Facing Apocalypse: Climate, Democracy, and Other Last Chances

By Catherine Keller. Orbis Books, 2021. 176 pages. $26/paperback; $21.50/eBook.

Catherine Keller has been absorbed by planetary crisis since publishing in 1996 Apocalypse Now and Then: A Feminist Guide to the End of the World. But the power of her theological writings doesn’t simply lie in her application of feminist and environmentalist perspectives to sacred documents. Her new book, Facing Apocalypse, offers a vibrant display of her “dreamreading” technique, which goes beyond academic analysis to unpack the poetic imagery in the Book of Revelation—perhaps the most famous section of the New Testament after the gospels themselves.

Like many recent authors taking on Revelation, Keller is quick to point out that John of Patmos was not predicting the future. His elaborate “waking nightmare” should not be read as a literal blueprint for the End Times, and any similarities we think we see between Revelation’s contents and current events is strictly coincidental. John was a prophet, however, in the fuller sense of the term: he saw that the society around him had fallen out of alignment with God’s values, and delivered as emphatic a warning as he could of the consequences, if this were allowed to continue. And, of course, that misalignment has been allowed to continue over the last two millennia: “A destructive pattern of global power already at work in John’s time has undergone epochs of dramatic change,” Keller warns. “But it has not been laid to rest.”

In Keller’s “dreamreading,” we see John struggling to cope with life under an unbearably corrupt imperial power. The intense imagery of scenes like Babylon the Great riding atop her scarlet seven-headed beast, to take one famous example, was a way of processing that trauma—and of imagining a way out of it.

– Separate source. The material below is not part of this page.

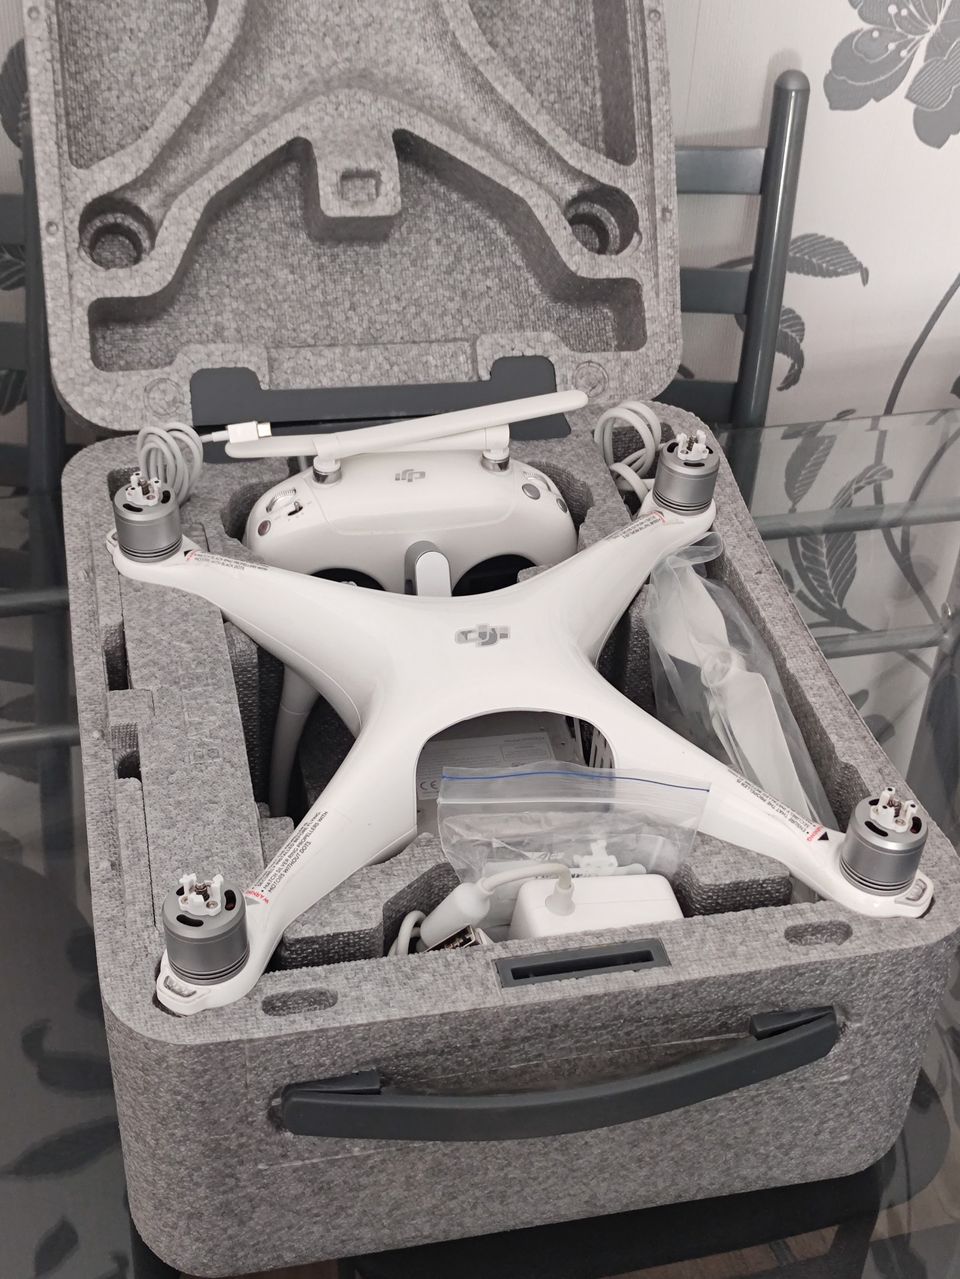 Dji Phantom 4 Advanced+ 4K drone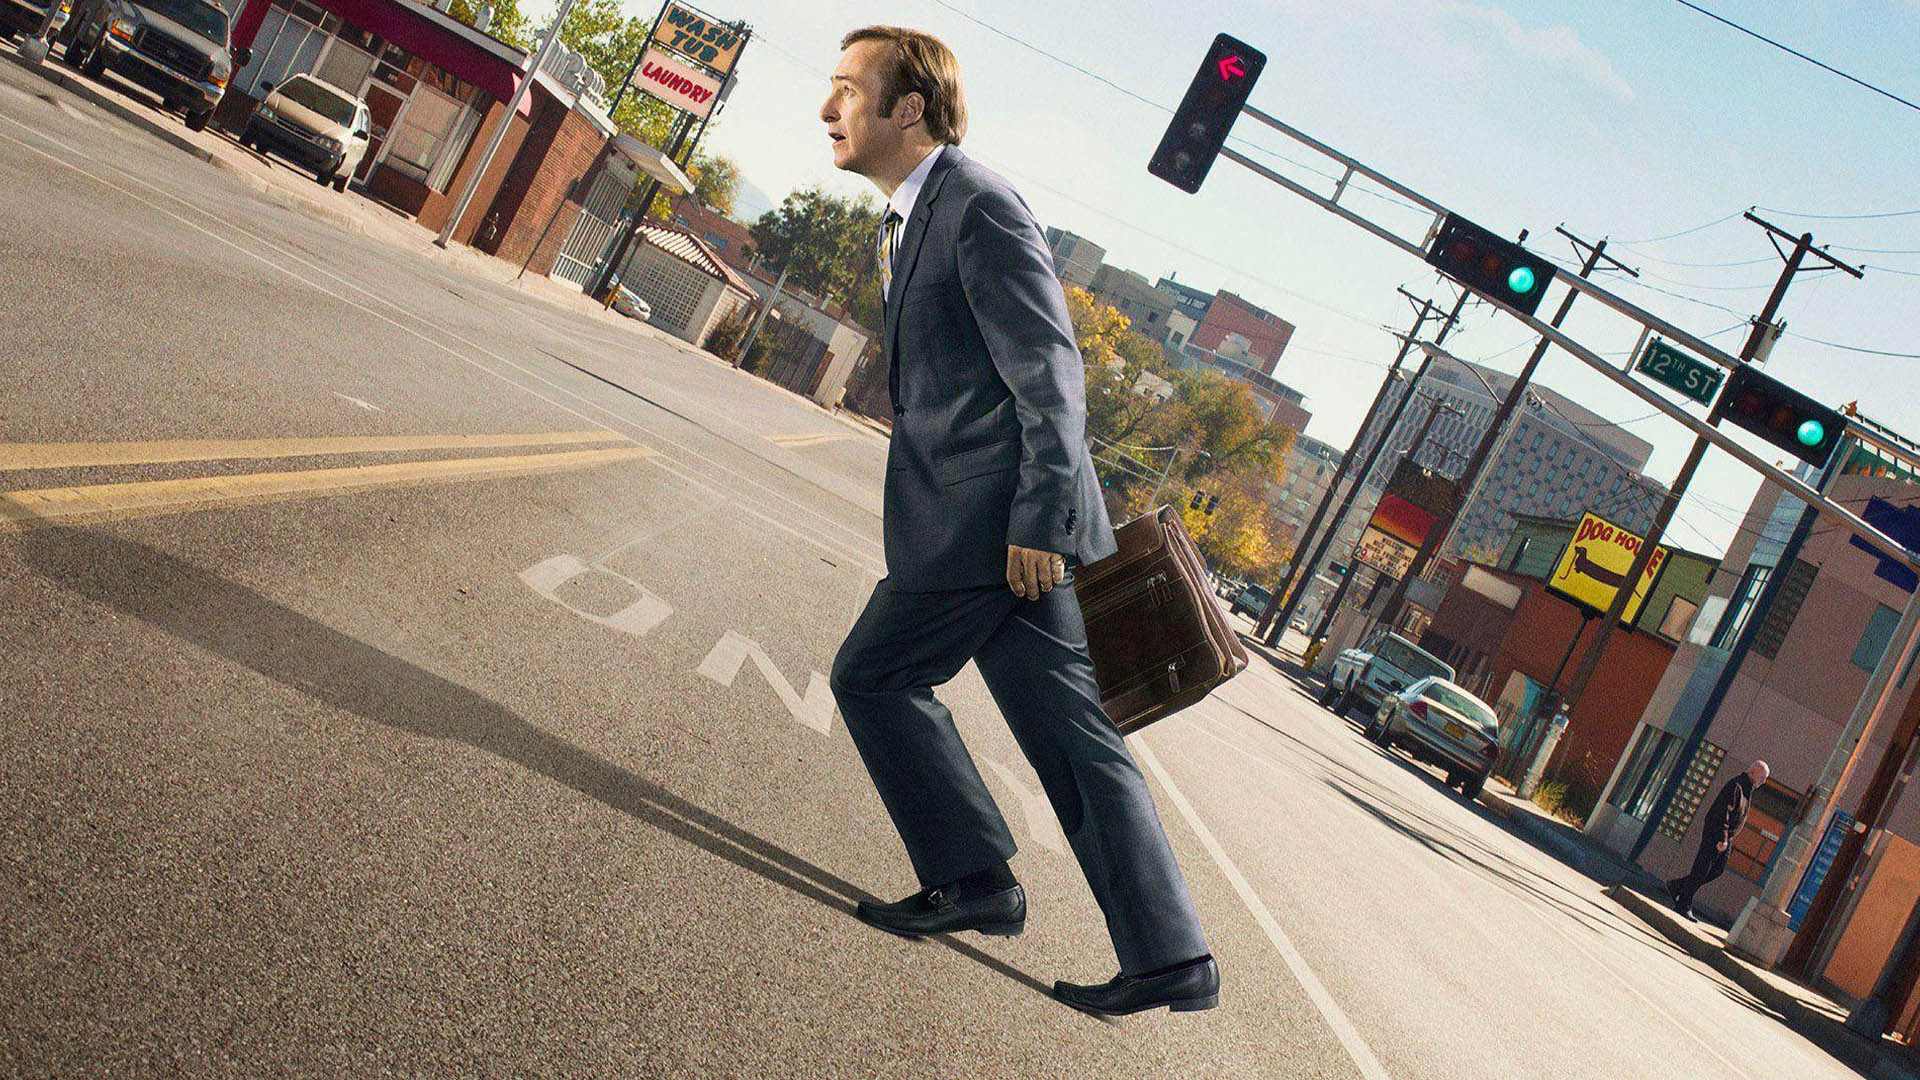 تصویری کج از شخصیت جیمی مک‌گیل در حال راه رفتن در سریال better call saul

Keller is also careful to point out the ways in which John’s fantasy contradicts Jesus’s good news. For example, after presenting the New Jerusalem as, in Keller’s words, “a systemic structure of joyful justice, an architecture of cosmic care,” an angel tells John it is not an all-access utopia. Only those who toe the line “may enter in through the gates into the city.” The angel advises, “if any man shall take away from the words of the book of this prophecy, God shall take away his part out of the book of life, and out of the holy city, and from the things which are written in this book” (Rev. 22:14,19 KJV). John was as susceptible to resentment as any other human, Keller reminds us, and his story reflects a desire to see his persecutors suffer as much as it reflects his optimism.

Optimism is key here. Certainly in the early decades of the twenty-first century, we find ourselves in a moment where the end of the world as we know it seems not merely possible but increasingly probable, particularly given the reluctance of the corporate beasts of capitalism to change their destructive behavior in anything but the smallest of ways. But people have long lived with similar anxieties. Rather than attempt to purge them from our collective consciousness, Keller recommends an attitude of “apocalyptic mindfulness,” a full recognition of “the unspeakable catastrophes that may become inevitable if we do not speak.”

Being mindful of the risks posed by the climate crisis, or the rise of fascist political movements, does not mean accepting such catastrophes as faits accomplis. Instead, Keller urges us, the goal is “to move out of isolating paralysis and into healing action.” Direct action is, of course, essential, but we should also keep an eye out for the contemporary prophets who are dreamreading current events and spinning out their own recuperative visions. Perhaps some of us might even be those prophets, our revelations waiting to be brought forward.


Ron Hogan is the audience development specialist at Friends Publishing Corporation and the author of Our Endless and Proper Work: Starting (and Sticking to) Your Writing Practice (Belt Publishing, 2021).